Problem details
Output, exactly as written, the lines below from the one that has "Synology DiskStation DS224+" through the one that has "THE DISTRICT MEN 2 - Heated down jacket"; nothing else, and no pictures.

Records shown

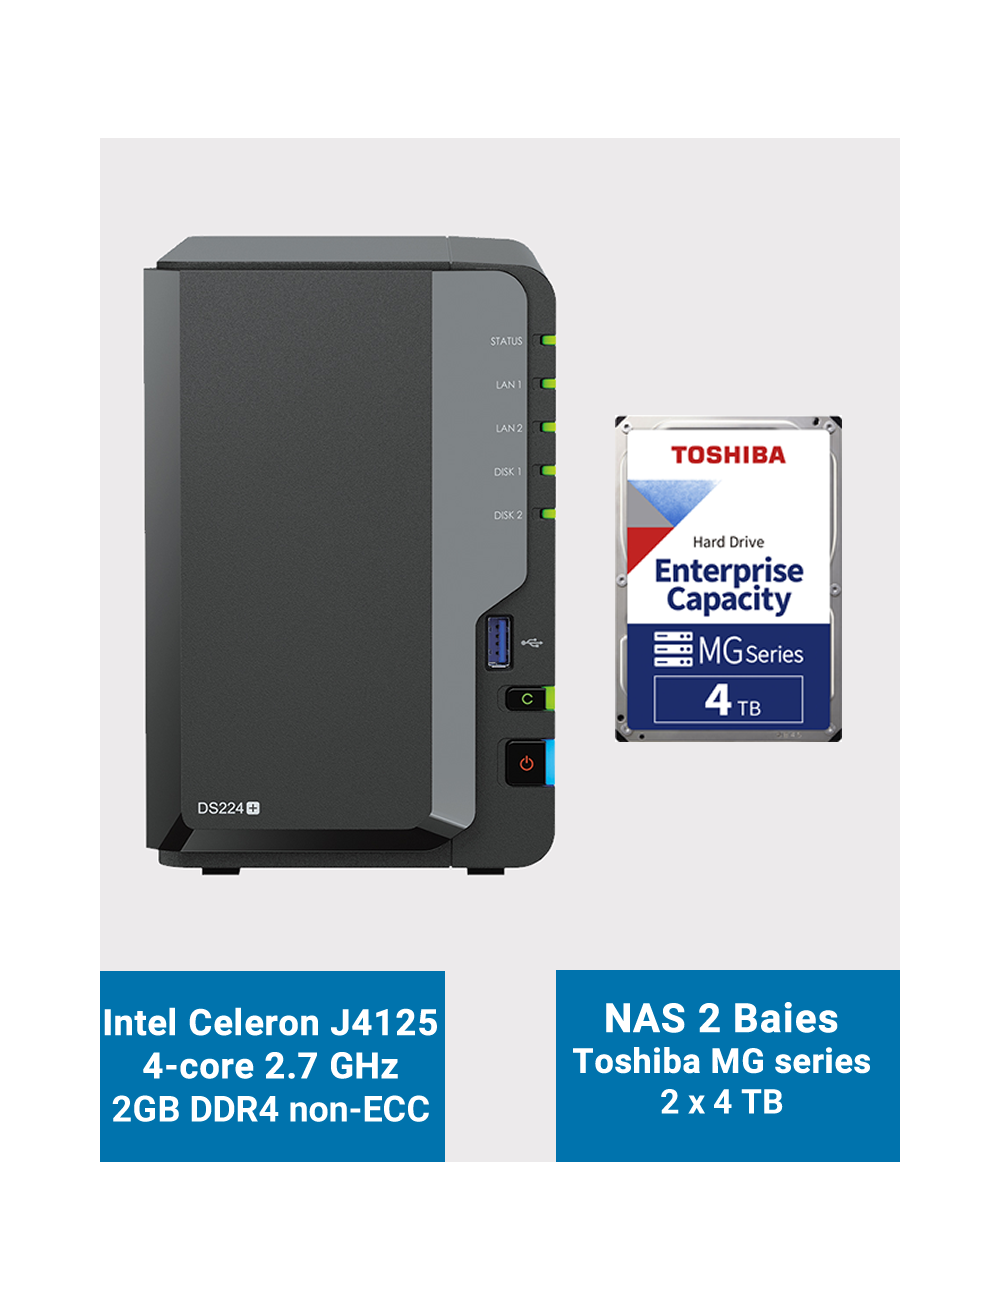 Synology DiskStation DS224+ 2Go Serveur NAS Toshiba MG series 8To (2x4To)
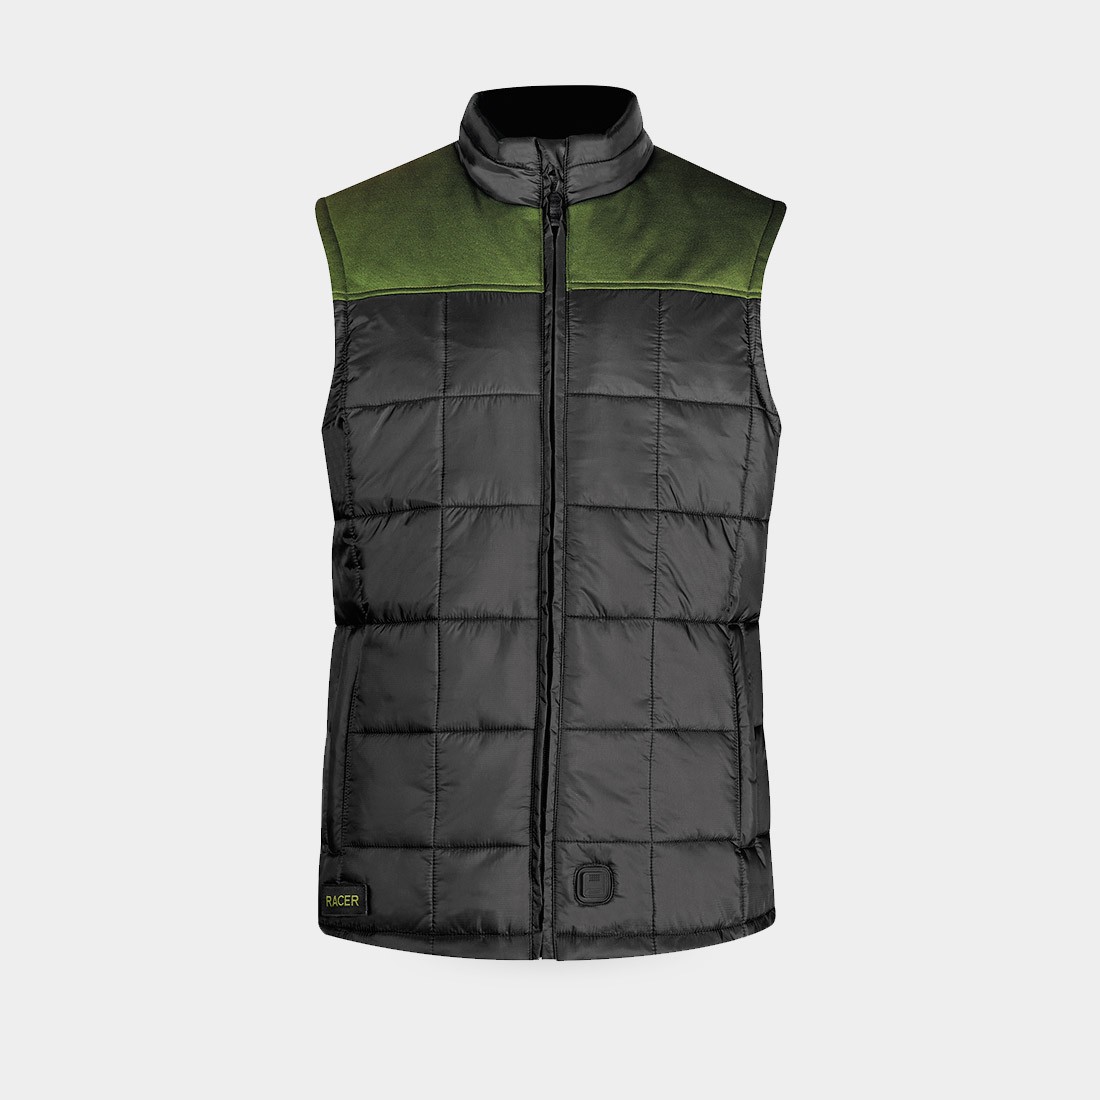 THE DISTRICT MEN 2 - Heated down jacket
---
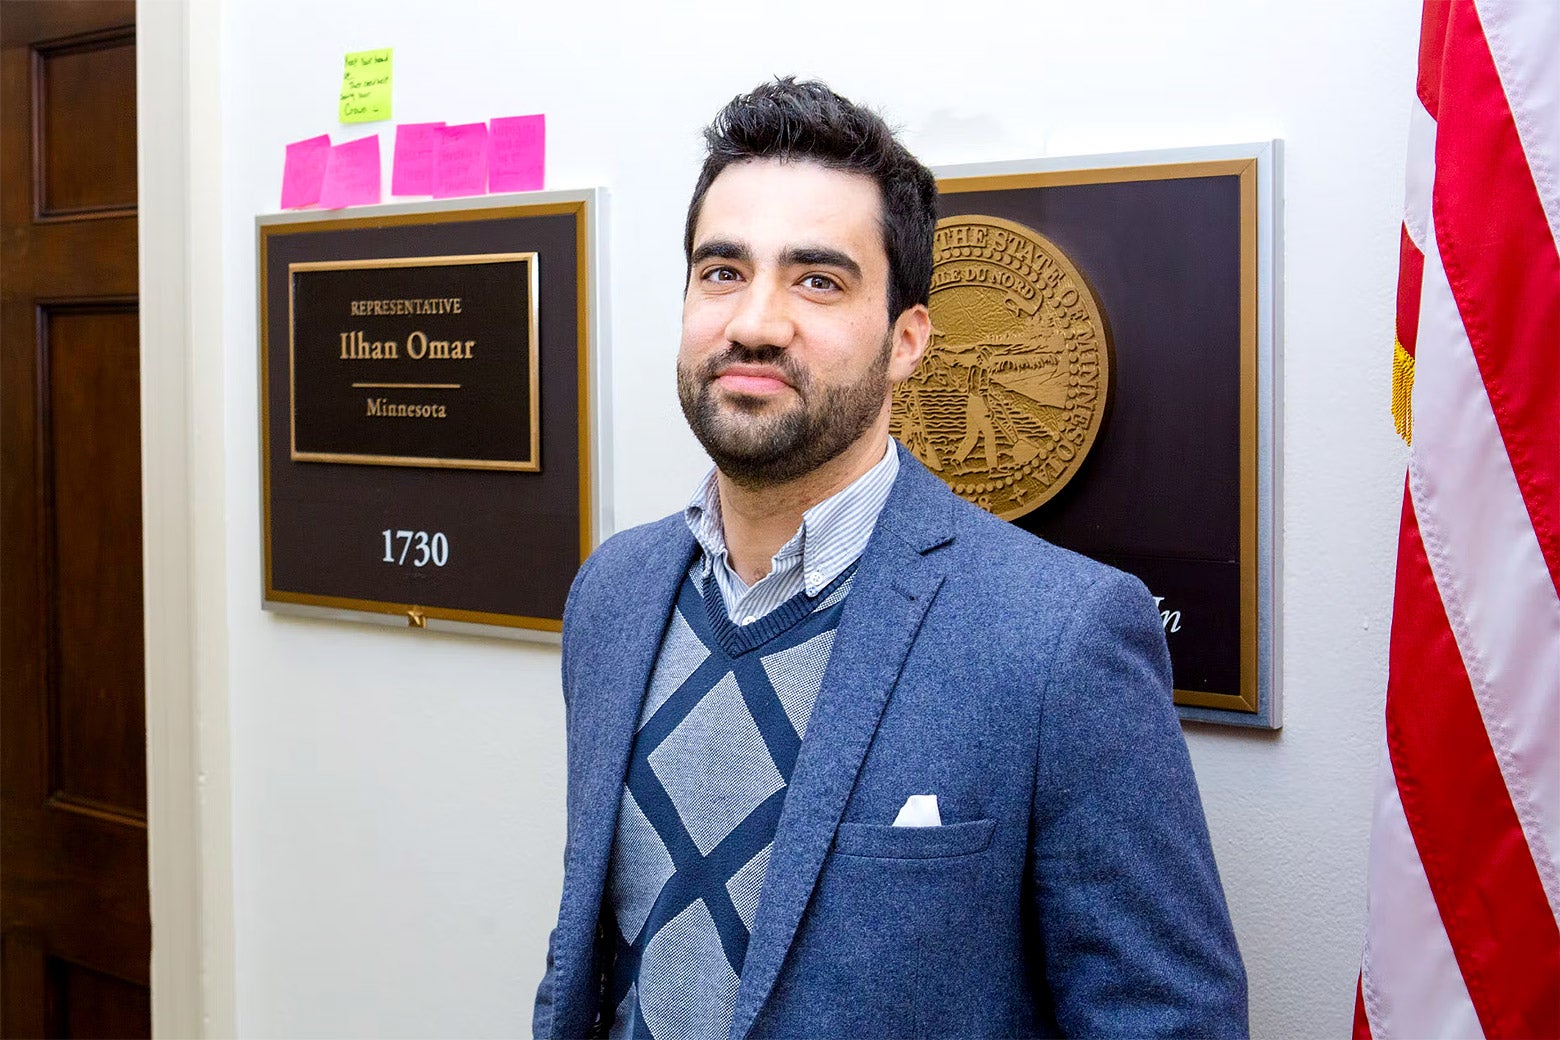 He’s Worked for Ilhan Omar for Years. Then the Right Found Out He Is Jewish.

Result below
 Synology DiskStation DS224+ 2Go Serveur NAS Toshiba MG series 8To (2x4To)
 THE DISTRICT MEN 2 - Heated down jacket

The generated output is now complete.